No, the makeup hides it.

Are you sure?

Yes. You can’t see it from far away.

I play Schubert’s Introduction and Variations, a piece that I love. It is based on Trockne Blumen, from his narrative song cycle Die schöne Müllerin, whose score I analyzed. The lyrics in Trockne Blumen speak of flowers on a grave, the hope of spring in the midst of winter; shifts between jubilant major and desolate minor echo and elaborate the narrator’s — and presumably Schubert’s — conflicting sentiments.
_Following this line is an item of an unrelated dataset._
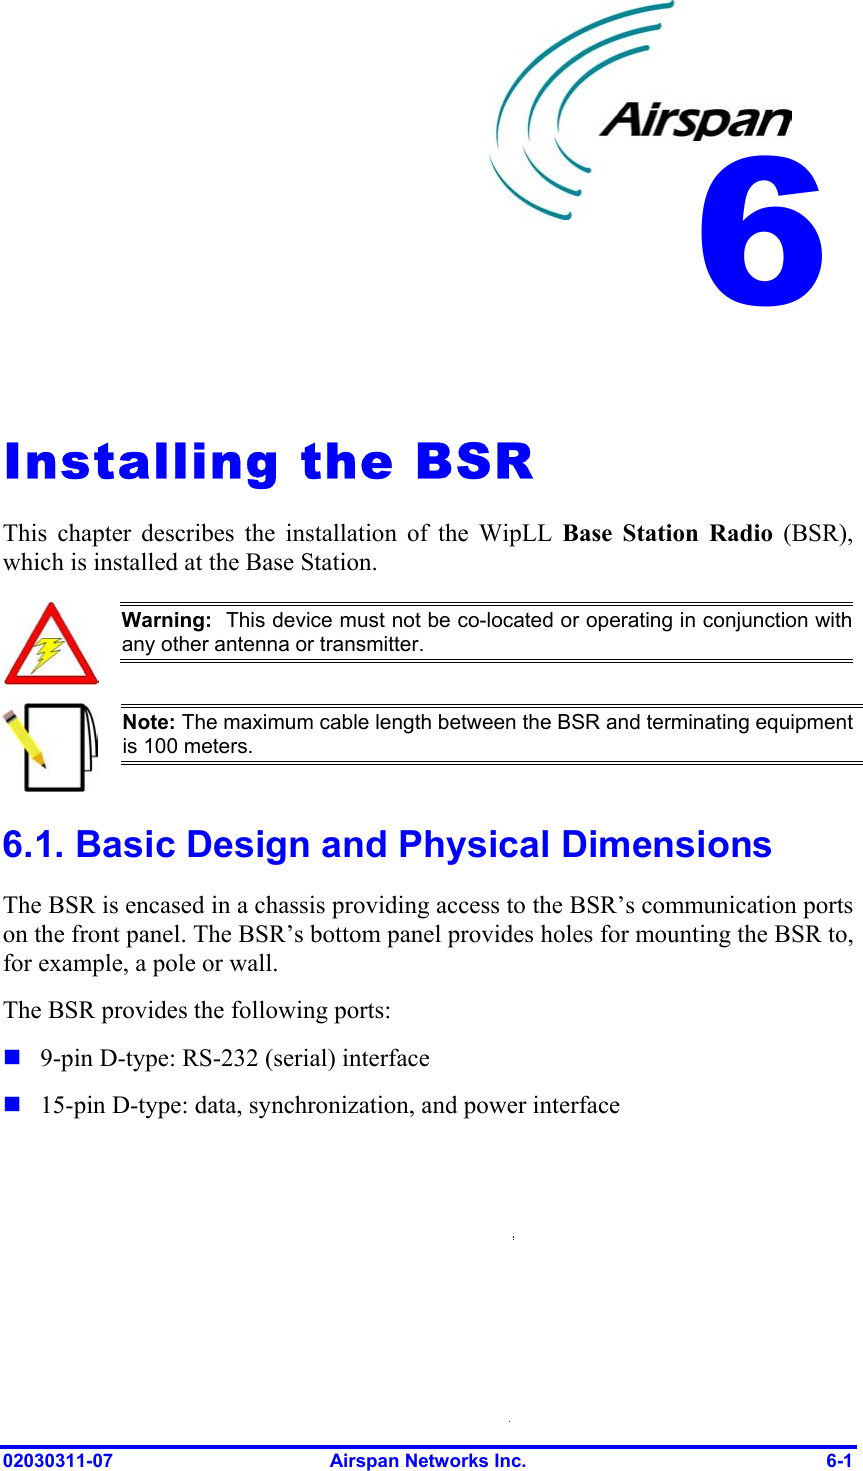  6   Installing the BSR This chapter describes the installation of the WipLL Base Station Radio (BSR), which is installed at the Base Station.  Warning:  This device must not be co-located or operating in conjunction with any other antenna or transmitter.  Note: The maximum cable length between the BSR and terminating equipment is 100 meters. 6.1. Basic Design and Physical Dimensions The BSR is encased in a chassis providing access to the BSR’s communication ports on the front panel. The BSR’s bottom panel provides holes for mounting the BSR to, for example, a pole or wall. The BSR provides the following ports:   9-pin D-type: RS-232 (serial) interface 15-pin D-type: data, synchronization, and power interface 02030311-07  Airspan Networks Inc.  6-1 
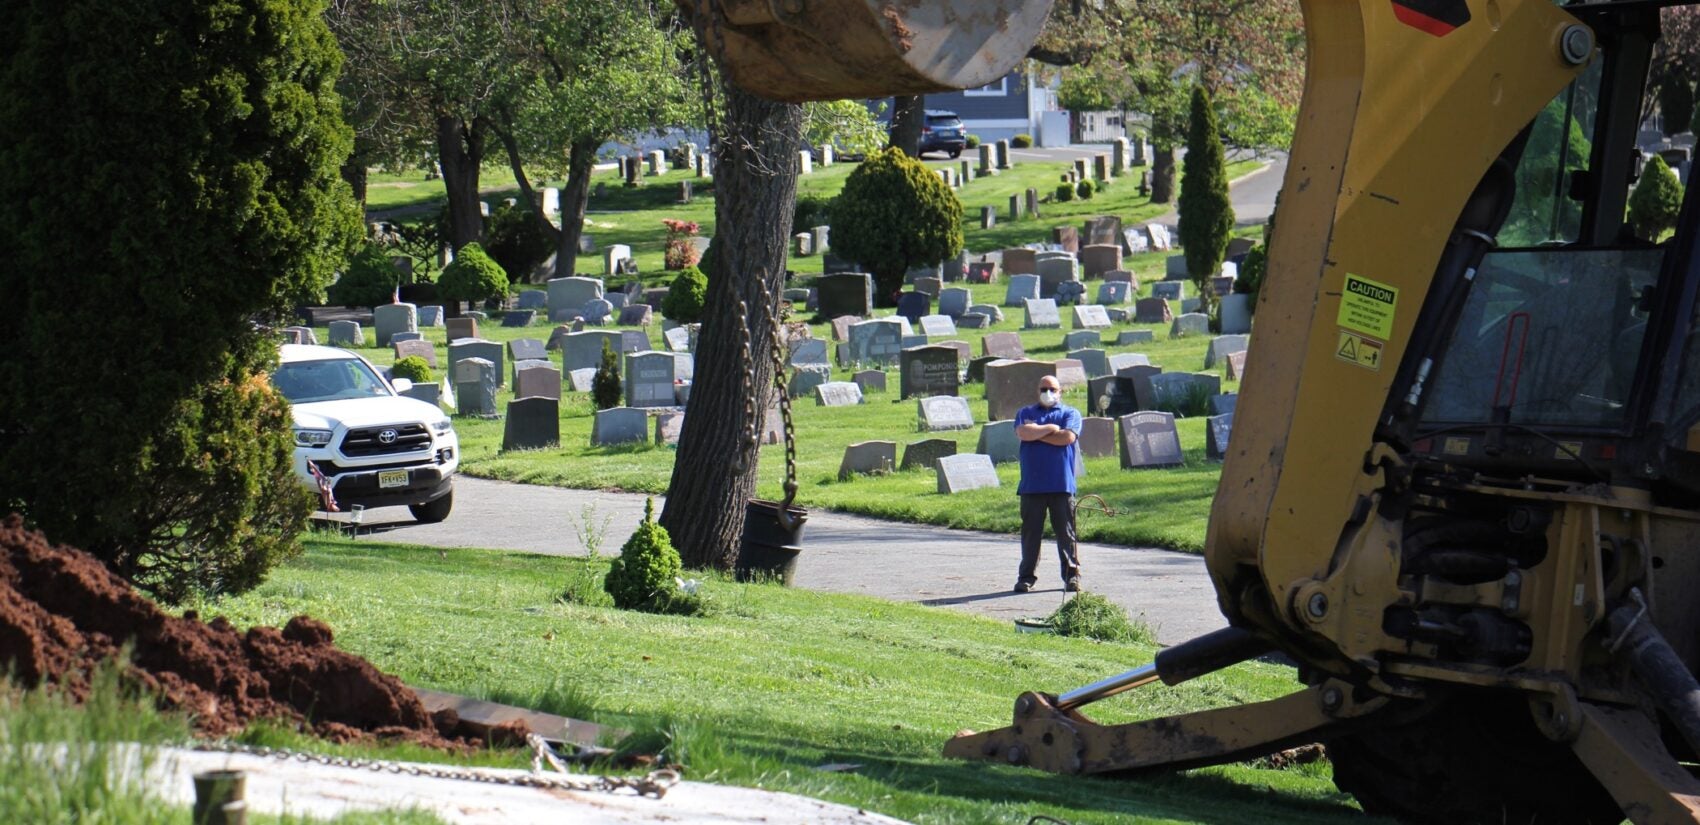 Jeff Dodgson, who oversees the grounds crew at Glendale Cemetery in Bloomfield, N.J., watches as a grave is prepared. (Emma Lee/WHYY)

Afterward, my friends tell me it was a beautiful performance. They ask me how Yale is, how my freshman year went, do I like it there? I smile wider and tell them I love it, my freshman year was wonderful. I turn my arms to hide the insides. Beneath the layers of makeup, they are burning.

That concert is the last performance I ever give. I stop performing solo, and then I stop seriously playing. When I stand under the stage lights, I am not sure what the audience sees. I am not sure what I want them to see. I feel like a fraud, arms covered in makeup, smiling at the ocean of expectant chairs. I cannot exit myself and enter the music. Because of that, I can never truly be a musician.

Before, the stage was a pristine, magical place removed from reality. I loved the music, the runs and staccatos, the thrill. After my freshman year, I did not want to be looked at anymore. My greatest fear, to this day, remains that I will not be able to deliver the performance I seem to embody. That concert-goers will look at the performer onstage, under the harsh lighting, and be disappointed at the person underneath. When I meet people, I wonder how long they will stay.

I read that time heals all things, but I think it is what happens in its pockets, in those months and moments, that matters. Three years later, there are still faint white ridges peppering my forearms. But so much more has happened. I visit SHARE and learn that it was not my fault; I stop lying to my therapist. I learn that a boyfriend will not heal me, that you must love yourself before you can love someone else. I begin to let things go, to forgive, to see in color. I cease trying to perform stability and start to embody it. One evening, I sit in an empty lecture hall and play all 29 Taffanel scales. I practiced them in my warm-up almost every day for five years; my fingers remember the harmonic shifts on the descending relative minors. The notes fill the hall, reverberating from the high ceiling, and I can feel the soft hum of air under my fingertips. I have not heard myself play alone for a long time. I listen to Rampal playing Schumann’s Three Romances and Dufour playing Poulenc’s Cantilena when I walk to class instead of listening to nothing. I pass Liberty Village 2 on a breezy day and look through the high metal fence separating courtyard from street. There are inpatients playing volleyball, undoubtedly without rules. A nurse watches them. There is someone sitting on the grass, looking up at the sky.

As I write this, I think about the first time I played a concerto with orchestra. When I reach the recapitulation, the last time the primary theme returns, I envision all the time I have spent with the notes. I hold them close, and then, prodded by the strings, release them one by one, watching them float away. Somehow, it feels like saying goodbye to a now-distant friend: Your heart aches, but it is full. Dolce. The paramedic with the kind eyes was right. It gets better.

These days, I prefer to engage in different forms of expression. My art class visited the University Theatre last semester. We could choose anything to paint: the coarse ropes hanging in the wings, the plush chairs, the velvet curtains. Standing onstage facing the audience, I paint the lights. They are white in the center, haloed with turquoise and lime green.

I do not remember the last time I stood on a stage and performed. But what I do remember is how it goes: I would nod at my accompanist, put on my most brilliant smile, walk out — fast but not too fast — and turn to the audience before bowing. The blinding lights were the first thing I always saw.